He is a graduate of the oldest public school in America, the Boston Latin School. He attended the oldest private military college, Norwich University, and graduated from the oldest service academy, West Point. He holds a master's degree from the oldest university, Harvard, and a doctor of laws degree from St. Louis University, the oldest university west of the Mississippi.

In contrast with this academic background, he has been associated with the founding of a new institution, the youngest of our service academies, since its establishment in 1954, He was appointed by President Eisenhower as the first permanent professor of the Air Force Academy in 1957, and as the first permanent dean of the faculty in 1959. His promotion to brigadier general that accompanied his appointment as dean made him the youngest general or flag officer on active duty at that time.

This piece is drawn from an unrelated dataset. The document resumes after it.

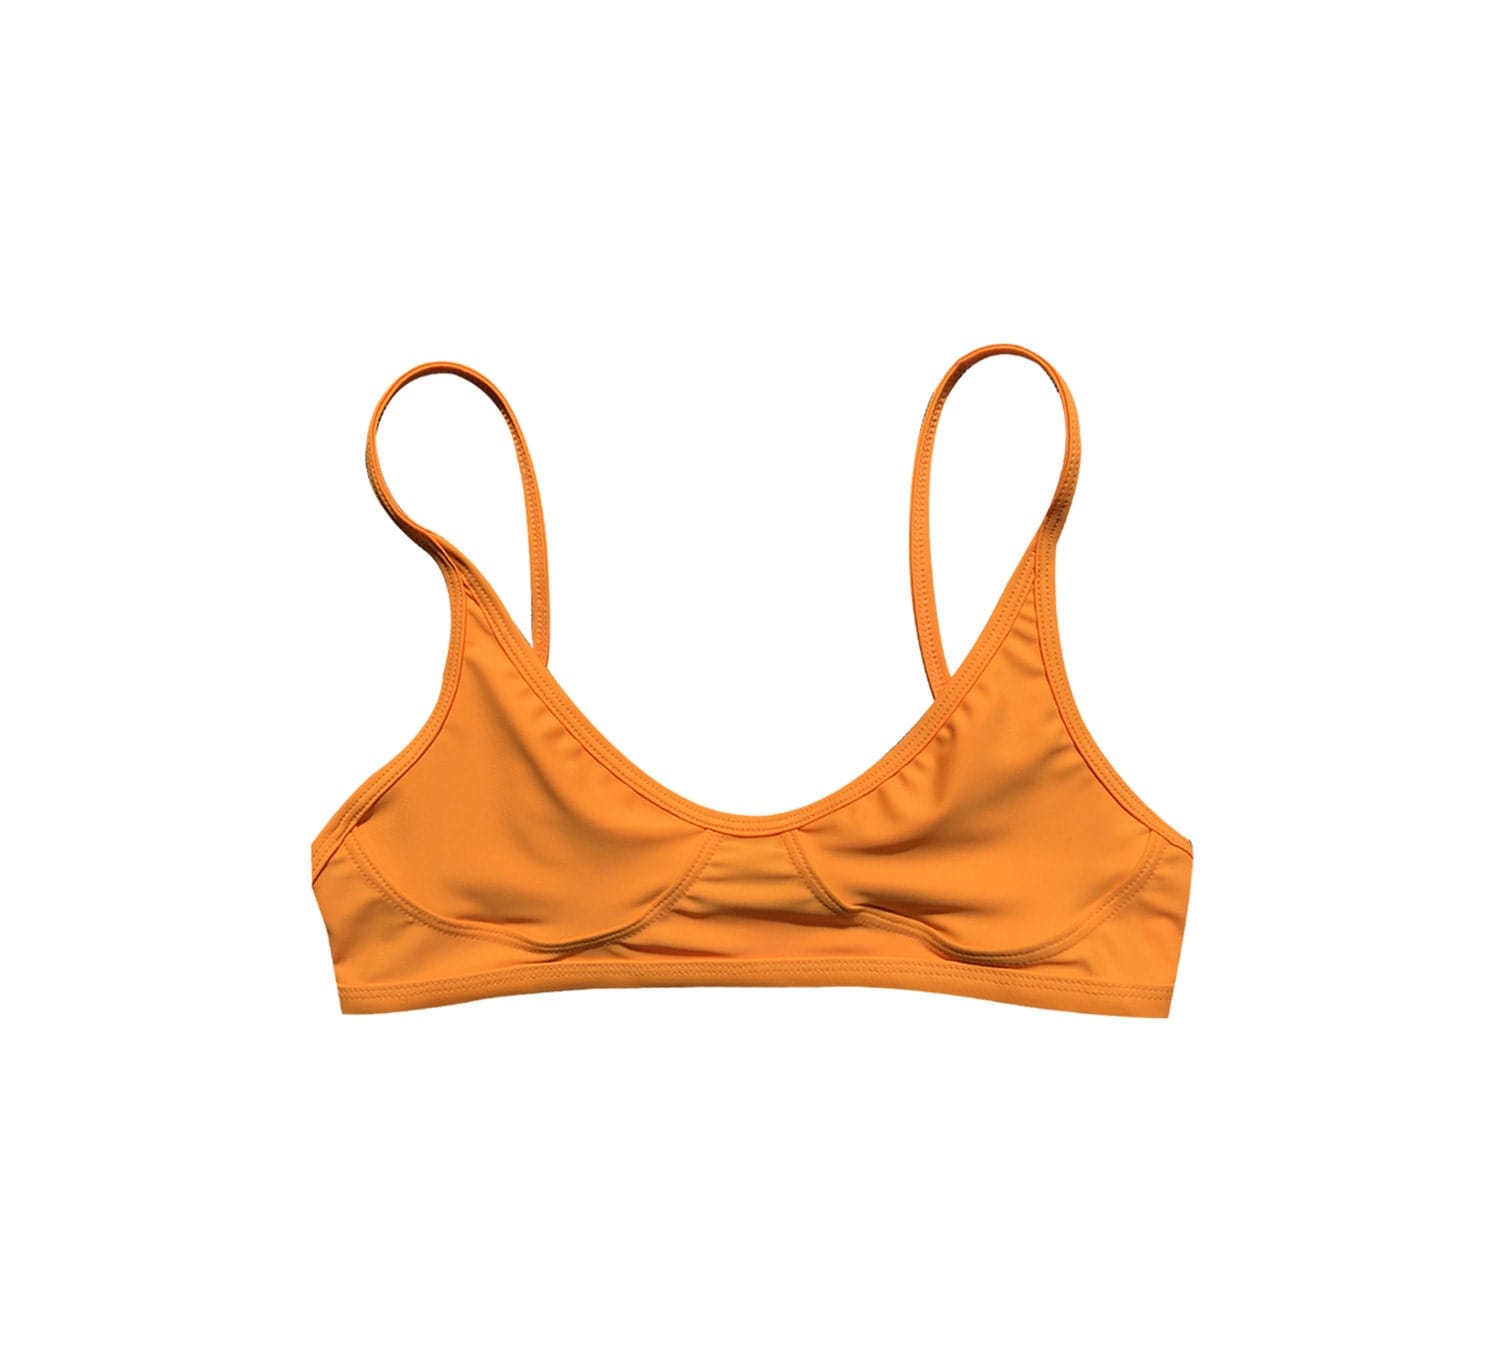 NEW Teardrop Crop Top Solar orange bikini bikini by GNASHswim

General McDermott's military background has an analogous mixture of contrasting experiences. He served as a combat pilot and operations officer of a fighter-bomber group in the European Theater during World War II; and he has served as a staff officer in a theater headquarters and in the Pentagon.

His performance is attested to by his command pilot rating and the combat decorations he wears -- the Bronze Star, the Air Medal with five oak leaf clusters and the European Theater of Operations Ribbon with six battle stars -- as well as by the Distinguished Service Medal, the Legion of Merit and Commendation Medal he received for meritorious staff work.

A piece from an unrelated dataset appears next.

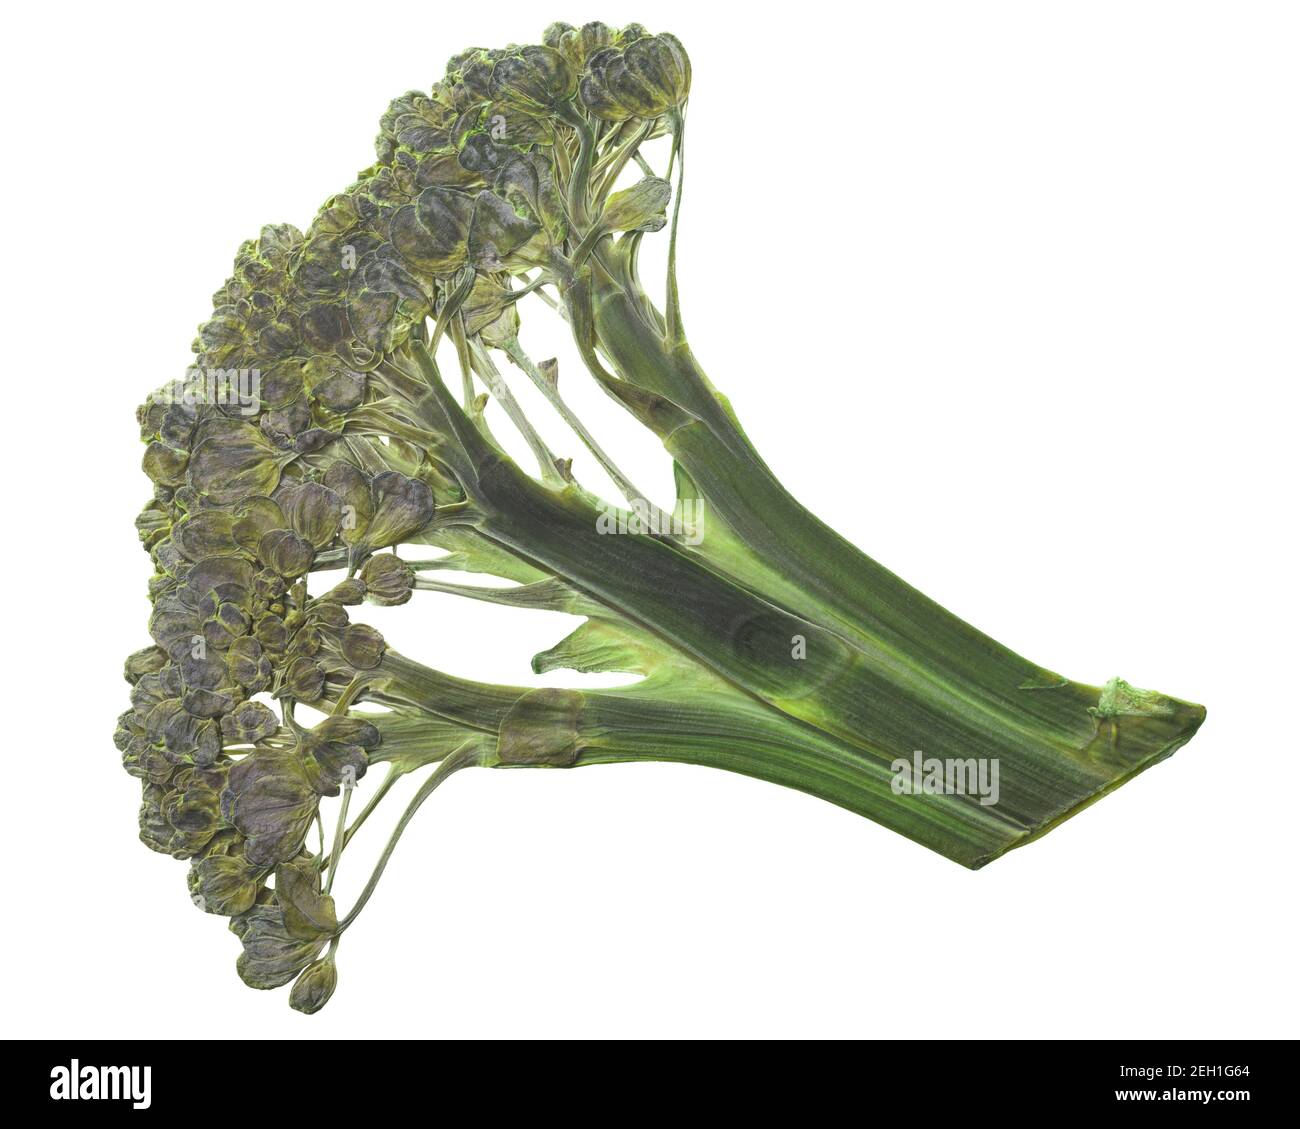 Testa di broccoli appiattita essiccata (Brassica oleracea var. Italica), isolata, vista dall'alto Foto Stock

From this contrasting background of tradition and youthful achievement General McDermott has emerged as a recognized leader in higher education and pioneer in military education. The recognition he has received in the form of appointments, promotions and awards is a reflection of his innovations and accomplishments as the academic administrator of the U.S. Air Force Academy. The innovations he has already introduced in the service academy system of education include the "whole man" concept in selecting cadets and a program of advanced and elective courses to enrich the prescribed curriculum.

The concept of using measures of a candidate's moral and leadership attributes as well as his physical and mental qualifications for selection was introduced in 1956, for the first time at any service academy. Also in 1956, as another service academy first, General McDermott introduced a comprehensive curriculum enrichment program designed to provide each cadet with a challenge to advance academically as far and as fast as he can in accordance with his aptitudes, interests and prior preparation.

General McDermott's foreseeable goals for the academy include the establishment of an Astronautical Research Laboratory and an extension of the enrichment program to include graduate education opportunities for exceptional cadets, leading to the award of the master's degree. Short of accomplishment of these goals, however, General McDermott can take pride in these definitive results of his pioneering innovations and academic administration; the superior performance of Air Force Academy cadets on the Graduate Record Examination aptitude and area achievement tests; the number of Rhodes Scholarships won by academy graduates in leading civilian graduate schools of engineering and political science; and the superior performance of academy graduates in flying training and in operational duty assignments.